Now you should be able to run your script as shown below, although the -c 48 flag is not used/necessary when the --local flag is enabled. I would, however, monitor the job to make sure that it is using the number of cores it is assigned in the config.yaml file. I would also be very careful when submitting multiple of these "local" cluster jobs, since jobs may start multiple times for the same samples.

#!/bin/bash
#PBS -N metagem
#PBS -o /user/gent/423/vsc42339/metagem.out
#PBS -e /user/gent/423/vsc42339/metagem.err
#PBS -m abe
#PBS -l nodes=1:ppn=48,walltime=71:59:59

cd $VSC_SCRATCH_VO/vsc42339/MICROBIAN/metaGEM

conda activate $VSC_SCRATCH_VO/vsc42339/MICROBIAN/metaGEM/envs/metagem

bash metaGEM.sh -t megahit -c 48 --local

slambrechts commented 3 years ago

thank you francisco! I did not modify the metaGEM.sh script.
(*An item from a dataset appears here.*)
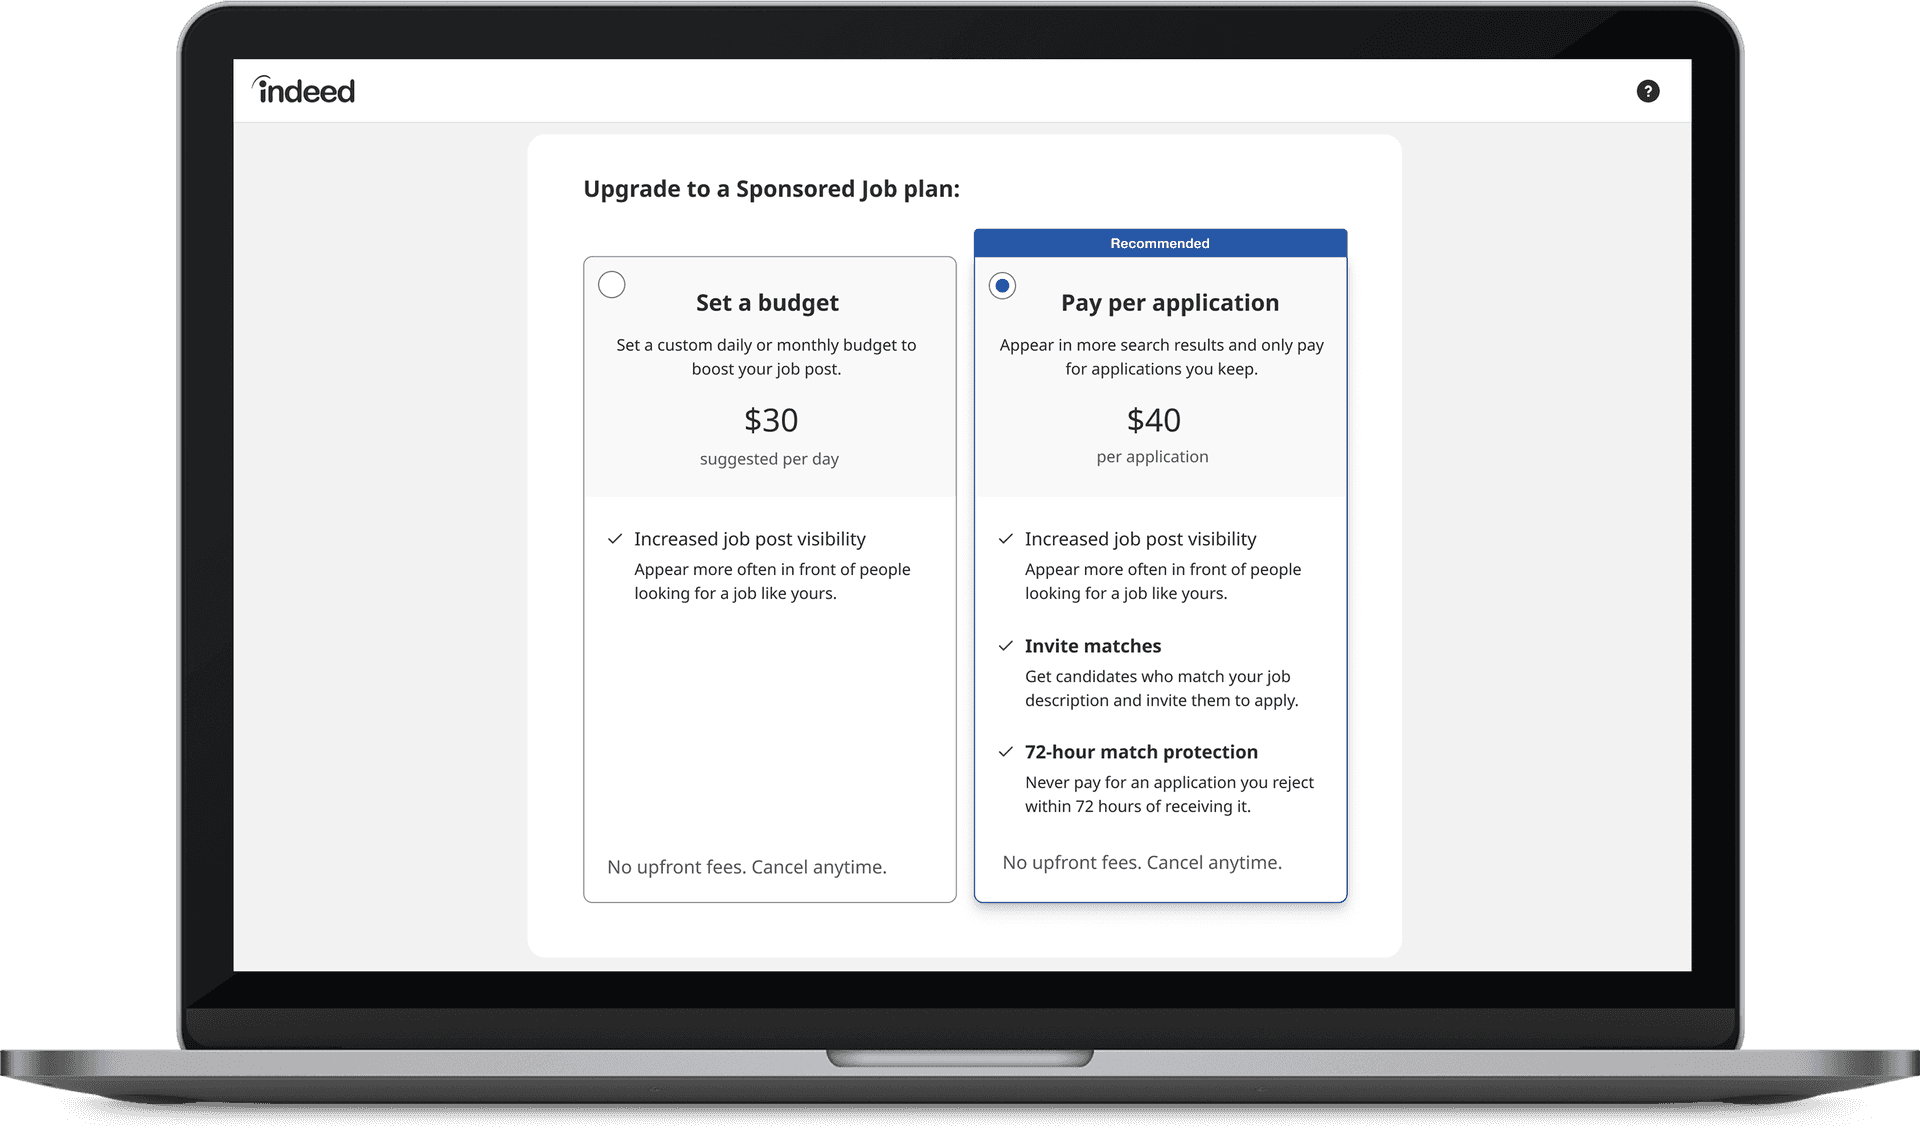 Pricing Model of Indeed Ads - Pay per Application

So not sure why the number of cores are not being recognized or provided to Snakemake.

I use tmux because on the HPC of our uni you are constantly kicked out from the login nodes and you have to login again, that is standard procedure if I'm not mistaken, after a fixed amount of time or inactivity I guess. So if we want that something keeps running, we need to use something like a tmux window. Maybe tmux is not necessary if all jobs are submitted at once when running bash metaGEM.sh -t fastp -j 43 -c 4 -m 20 -h 3, because once they are in the queue then it would be fine.

How are jobs being submitted behind the scenes in cluster mode? Using qsub?
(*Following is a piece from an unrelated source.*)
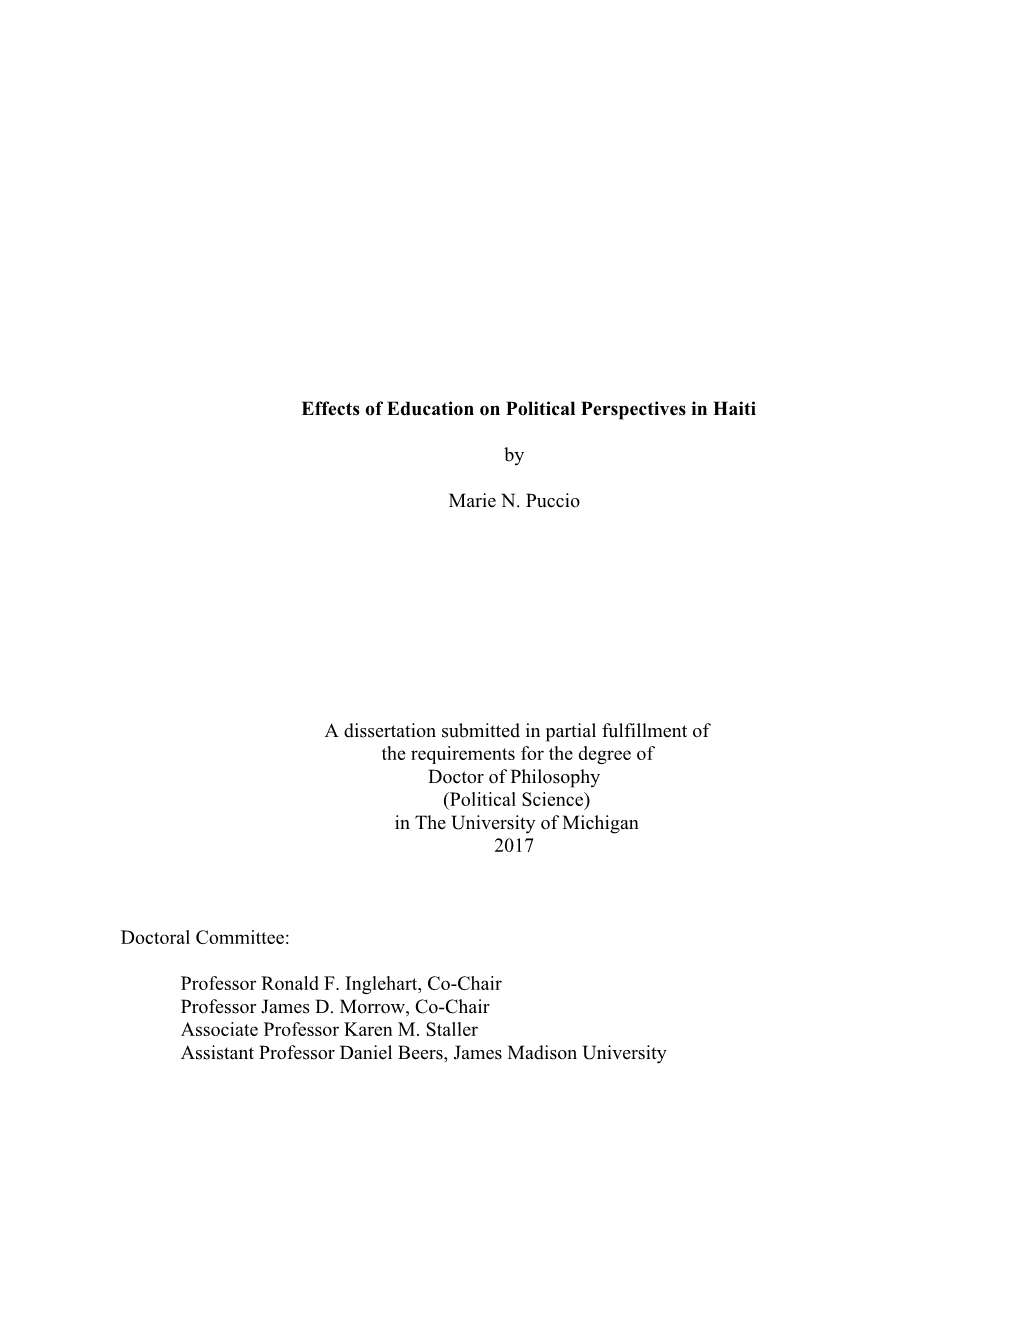 Effects of Education on Political Perspectives in Haiti by Marie N

I'm not entirely sure our HPC is SLURM based. What I do know atm is this:

When a job starts or ends I get an e-mail containing:

Slurm Job_id=50322561 Name=metagem Began, Queued time 00:00:00

And recently they told us this:

we have switched to new job command wrappers (qsub, qstat, qdel, etc.) on all HPC-UGent Tier-2 clusters.

As some of you are no doubt aware, we moved from Torque PBS [2] to Slurm [3] for the resource management and job scheduling software a while ago.
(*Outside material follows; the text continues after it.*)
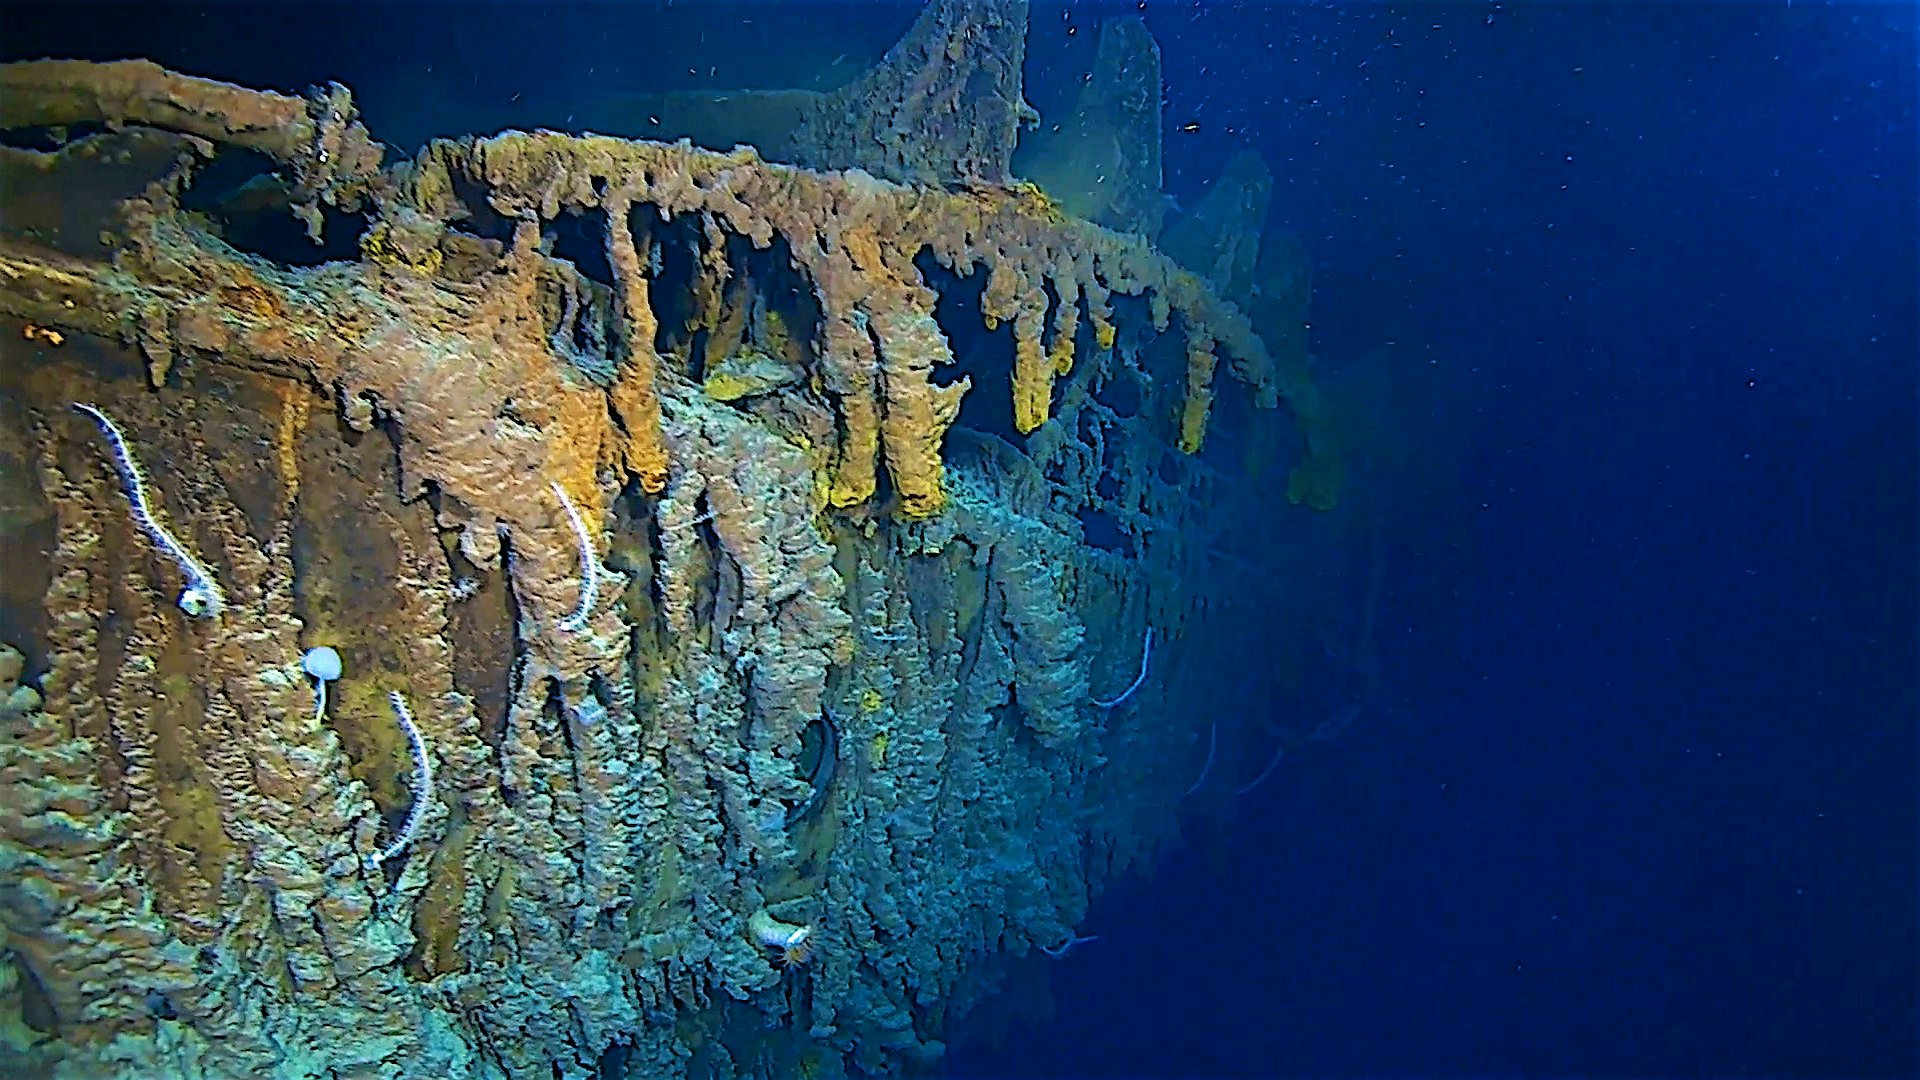 A view of the Titanic wreck taken

To make this switch as transparent as possible, wrapper commands were put in place to limit impact as much as possible: the same job commands can still be used, and no changes were required to job scripts.

franciscozorrilla commented 3 years ago

Hi Sam, please see lines 424 and 443 of the metaGEM.sh script, also shown in this post https://github.com/franciscozorrilla/metaGEM/issues/58#issuecomment-867537647, to understand how jobs are submitted. Just FYI, metaGEM.sh launches jobs with line 424 when the -m parameter is not provided in the bash metaGEM.sh call. When the -m flag is provided, jobs will be launched with line 443.

For example, in line 424, the following code is used to submit jobs:

nohup snakemake all -j $njobs -k --cluster-config cluster_config.json -c 'sbatch -A {cluster.account} -t {cluster.time} -n {cluster.n} --ntasks {cluster.tasks} --cpus-per-task {cluster.n} --output {cluster.output}' &

As you can see, it uses values from the cluster_config.json, which should look like this:

https://github.com/franciscozorrilla/metaGEM/blob/d81186a0700f974b4f57db587b71b960a951db83/cluster_config.json#L1-L11

More specifically, -n {cluster.n} is used to specify the number of cores. I suspect that you may be missing this parameter in your cluster_config.json file?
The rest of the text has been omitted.